Review: HARLEY QUINN #3
[Editor’s Note: This review may contain spoilers]
Writer: Stephane Phillips
Artist: Riley Rossmo
Colours: Ivan Plascencia
Letters: Andworld Design
Reviewed By: Derek McNeil
Harley Quinn #3: Harley Quinn here, still narrating my solicit text! My war of wellness with Hugo Strange kicks into high gear this issue, and things are gonna get ugly. Hugo is about to send his right-hand man-child Lockwood, Arkham Asylum’s most sadistic guard, after Kevin and me at our first support group meeting. Folks, some things in this world are sacred, and I am not gonna stand for this. Hugo Strange never picked a fight with someone like me before, and he’s not going to like the results. Buy this issue-it’s a real gem!
If Hugo Strange’s agenda didn’t seem sinister enough already, it gets worse in Harley Quinn #3. We see him testing out dangerous drugs on the prisoners put in his care. But when he needs more patients to continue his testing, he decides to supplement the supply himself. So, he sends his minion Lockwood out to bring him Harley Quinn.
It seems that Lockwood and Harley have some bad history. Harley states, “You know… you were my favorite, too, Lockwood… my favorite to imagine beating savagely with various pieces of landscaping equipment”. Their past involvement seems particularly interesting considering that it had undergone a reversal in the power dynamic. As a guard, Lockwood was subordinate to while Harley was a doctor at Arkham, but had authority over her when she became an inmate.
Lockwood doesn’t manage to capture Harley, but he does make off with Kevin and the attendees of her support group for ex-clowns. Her support group was an interesting matter. It gets off to a rough start with Harley’s opening speech. But when the group starts sharing their stories, they start to make a bit of progress. Too bad that this is when Lockwood breaks up the meeting. But it does show that Harley might actually be able to accomplish some good.
Lockwood is particularly dismissive of her efforts, though.
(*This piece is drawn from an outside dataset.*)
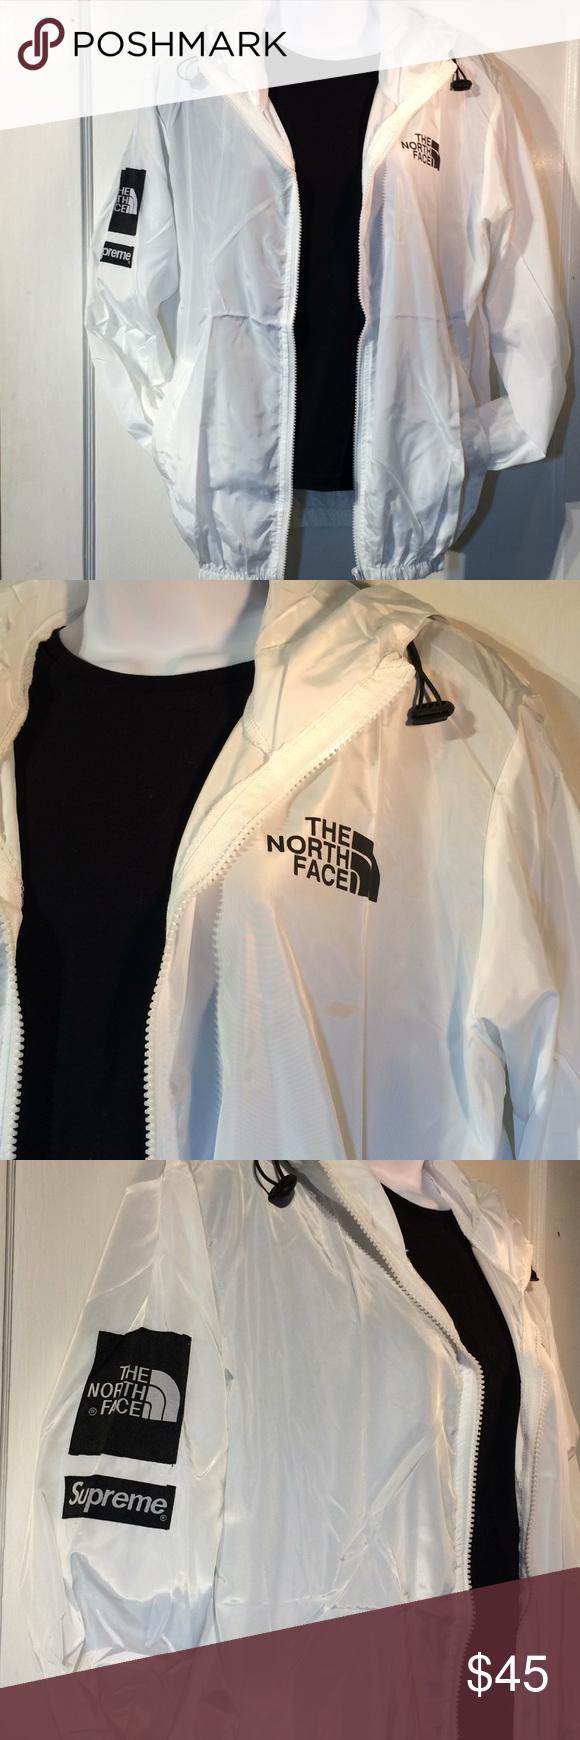 North Face Supreme White Full Zip Windbreaker This Is Nwt White Windbreaker From The North Face Supreme White Windbreaker North Face Jacket Clothes Design [ 1740 x 580 Pixel ]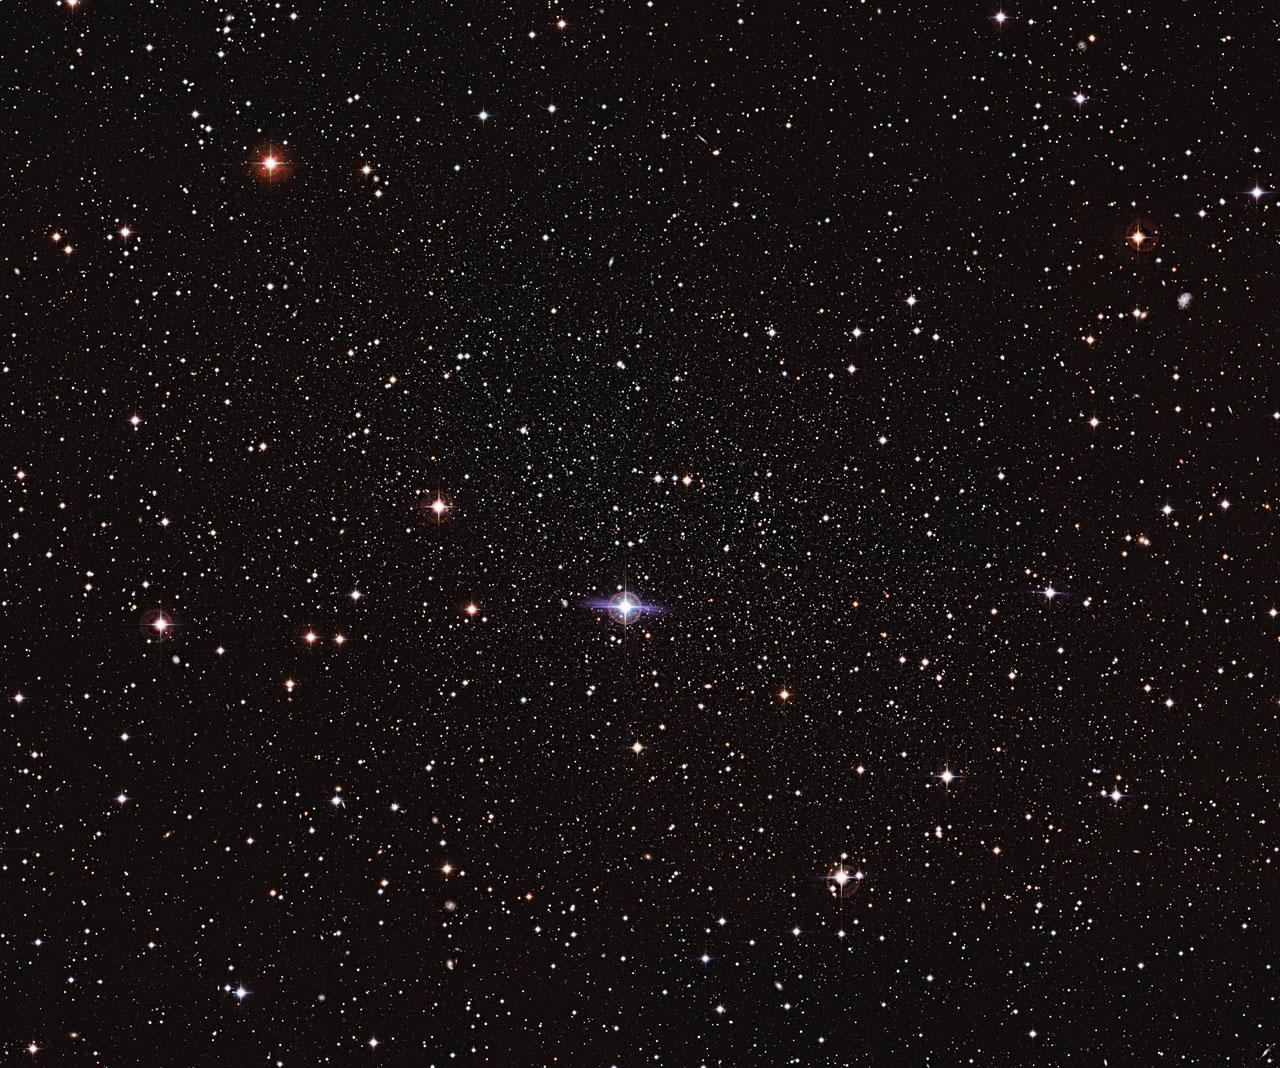 galaxy stars tumblr-#29

He tells Harley that she should leave it to the professionals. Harley responds with “I am a professional… I have a *** **** PhD!” while laying into Lockwood’s goons. This humorous exchange reminds us that Harley is a qualified psychologist. Often this facet of the character gets ignored, but Phillips is making this a core part of this title.
I really think that Riley Rossmo is the perfect artist for a Harley Quinn title. Many artists draw her in a hypersexualized manner. While Rossmo’s Harley is recognizable as an attractive woman, Rossmo’s pictures are not designed to titillate the readers. But the art does clearly show her hyperactive and chaotic energy. His style tends a bit to the abstract, which is great for showing us the world as Harley sees it.
So far, this title is rather unlike any previous Harley Quinn story. That may be a drawback to previous iterations of the title, but I find it a refreshing change that breathes new life into the character. However, I can understand that it might not appeal to some Harley fans.
While I don’t dislike the character, I never expected a Harley Quinn title to be one of my favourite books. I am quite enjoying Phillips’ take on Harley and I look forward to seeing where this story is headed.